Il Burundi si prepara alla pulizia etnica
Il genocidio corre sul fax. Quattro pagine in tutto che portano la data di giovedì 3 aprile 2014.
Quattro sintetiche pagine con le quali l’ufficio di rappresentanza dell’Onu di Bujumbura, capitale del Burundi, informa l’assemblea delle Nazioni Unite che il Cndd, il partito al potere nel piccolo Stato centrafricano, ha cominciato a distribuire armi, alcolici e uniformi ai miliziani dell’Imbonerakure.
Una storia che abbiamo già letto. Impossibile non ritornare con la memoria a quel sanguinoso aprile del 94’ quando in Rwanda il Governo distribuì birra e machete ai paramilitari dell’Interahamwe e cominciò il genocidio dei tutsi.
All’epoca, fu il generale dei Caschi Blu Roméo Dallaire che nel suo libro “Ho stretto la mano al diavolo” indicò questa mossa come il punto di non ritorno di quanto accadde poi, a spedire da Kigali un simile fax alle Nazioni Unite. Ieri come oggi, l’avvertimento e caduto nel vuoto e l’assemblea dell’Onu non si neppure degnata di una risposta.
I paralellismi con il genocidio rwandese sono davvero preoccupanti. In Burundi, come già era in Rwanda, la maggioranza hutu al Governo preme per rafforzare il suo potere ai danni della minoranza tutsi. La crisi e una politica economica asservita ai dettami di “sviluppo” imposti della Banca Mondiale che ha privatizzato l’intero Paese, svenduto le risorse e fatto piazza pulita di ogni ammortizzatore sociale, ha gettato la popolazione nella disperazione. Un palcoscenico ideale per dare sfogo all’odio razziale ed individuare nei tutsi la causa di tutti i mali che affliggono il Paese. Esattamente quento sta facendo il presidente Pierre Nkurunziza nell’intento di costringere la Corte Costituzionale a scombinare le carte in tavola e permettergli di ripresentarsi alle elezioni per il terzo mandato consecutivo. Proposta questa, che il Parlamento gli ha bocciato per un solo voto di scarto. L’asseblea degli eletti in cui è costituzionalmente garantita una forte rappresentanza tutsi compresa la carica di vice presidente, è il principale ostacolo che si frappone tra il presidente Nkurunziza e il consolidamente del suo potere politico.

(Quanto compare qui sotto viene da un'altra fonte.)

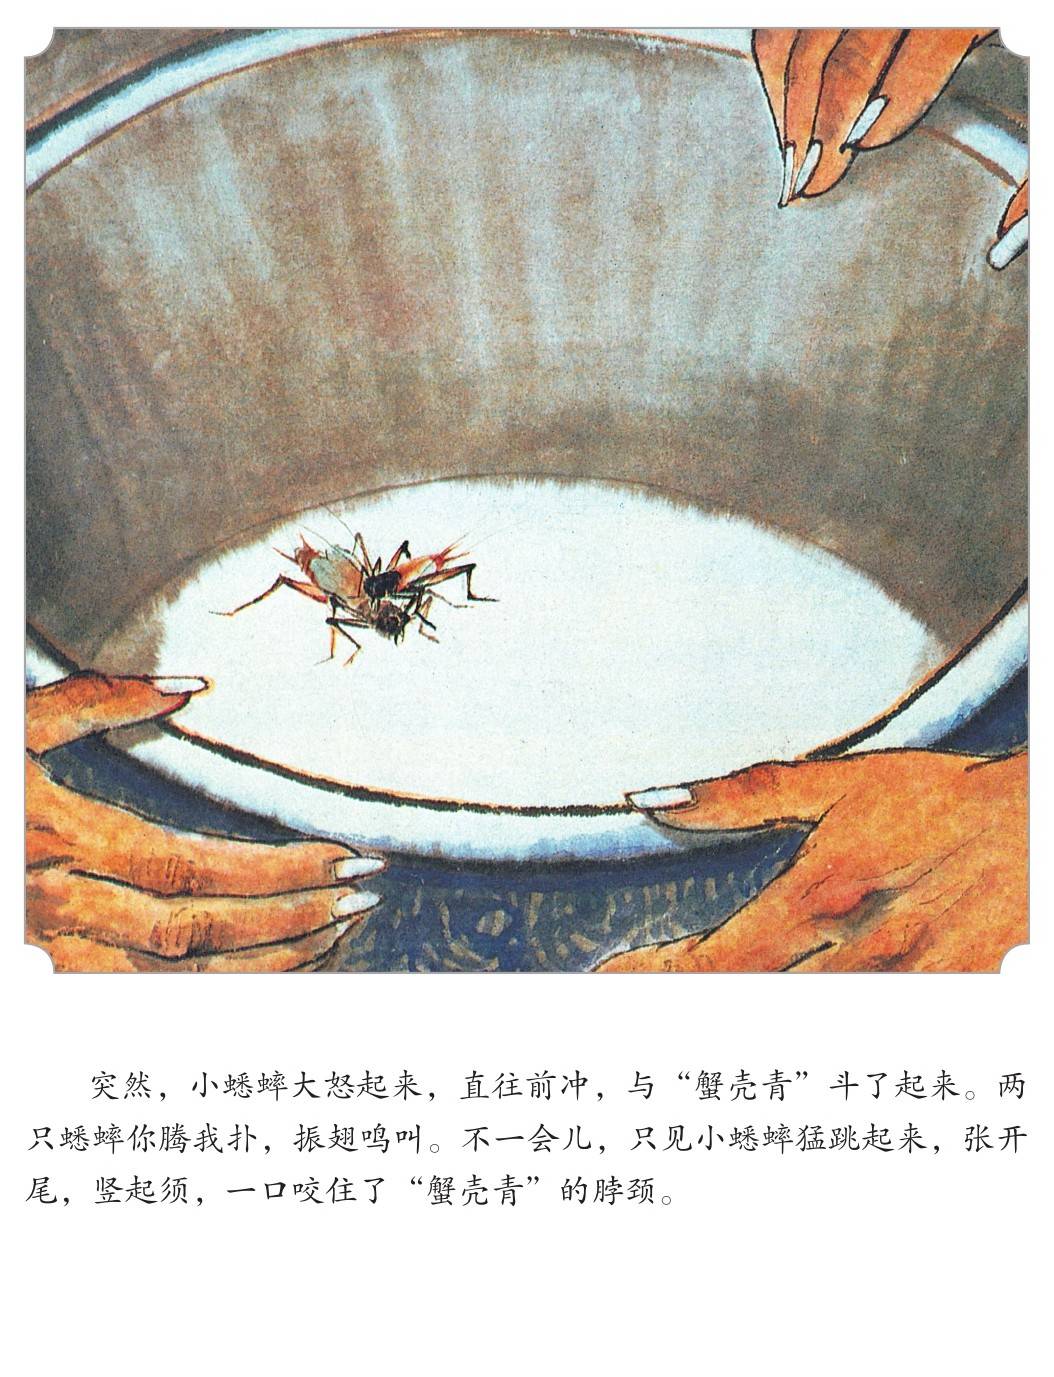 蟋蟀故事忆虫王图片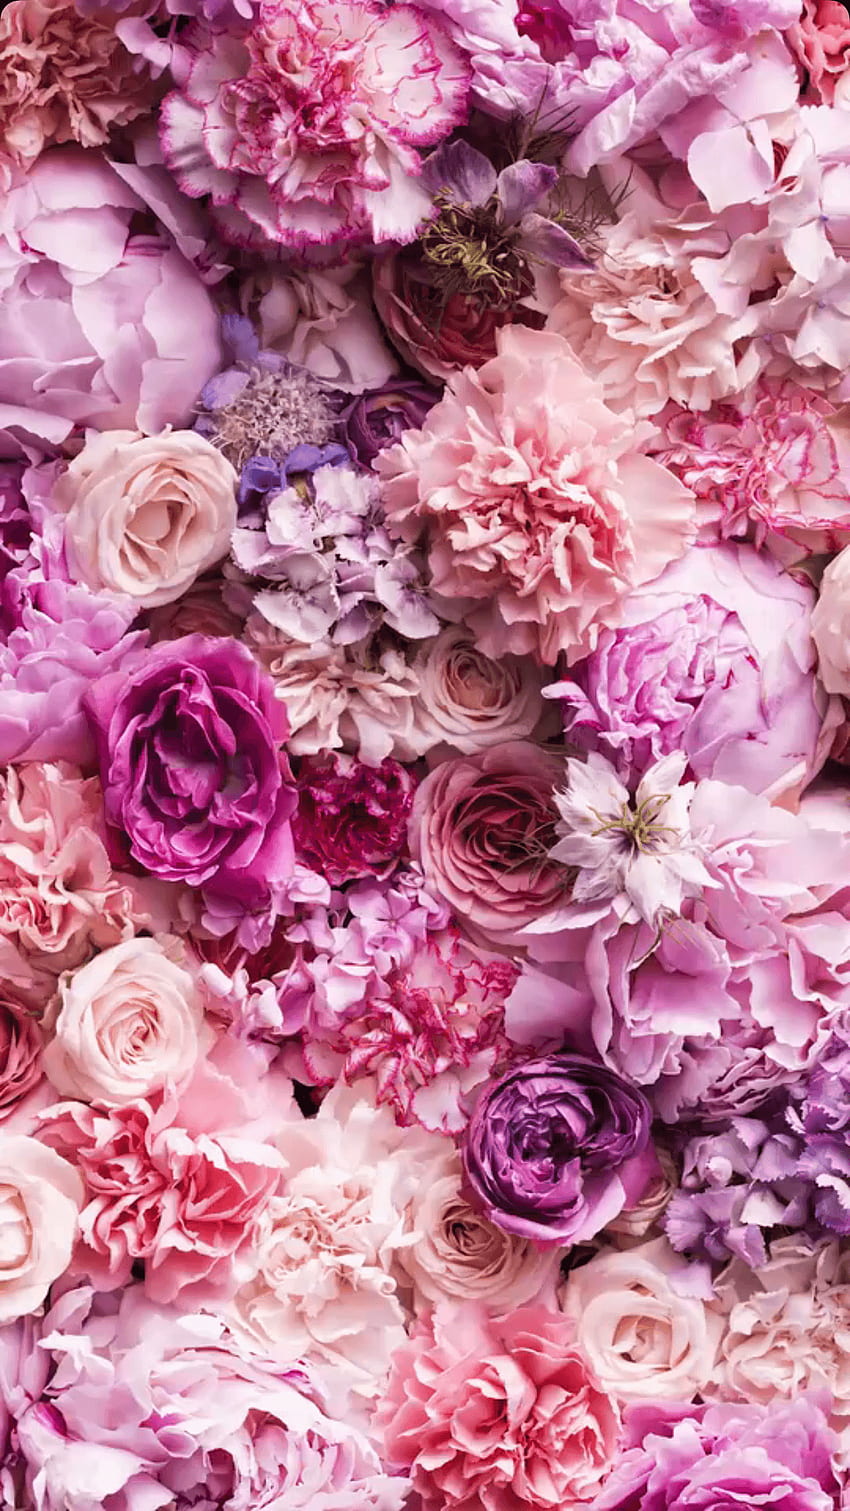 Vintage hoa: Nếu bạn là tín đồ của phong cách vintage, những hình ảnh hoa cổ điển sẽ khiến bạn thực sự say mê. Từ những bông hoa hồng tinh tế đến những cánh hoa đầy uyển chuyển, các hình ảnh này sẽ đưa bạn trở lại thập niên 50 và 60, khi những đóa hoa được coi là biểu tượng của sự sang trọng và tinh tế.

Per bypassare il legittimo parlamento, il presidente hutu ha proposto una dozzina di emendamenti alla Costituzione che mirano ad azzerare l’attuale equilbrio tra le due etnie e a consentirgli di non dover abdicare dopo la scadenza del suo secondo mandato, nel 2015. Il “pacchetto” prevede inoltre l’abolizione del diritto per militari e polizia di associarsi in sindacato e di scioperare, uno sbarramento al 5% per la rappresentanza dei partiti in parlamento, e l’istituzione di un insindacabile diritto di veto a disposizione del Capo del Governo (che è sempre Nkurunziza) sull’eleggibilità dei candidati alle elezioni presidenziali.
Un colpo di Stato in piena regola per attuare il quale, Pierre Nkurunziza deve necessariamente soffiare sul fuoco dell’odio interetnico e percorrere la stessa strada che in Rwanda ha portato alla guerra civile e al genocidio.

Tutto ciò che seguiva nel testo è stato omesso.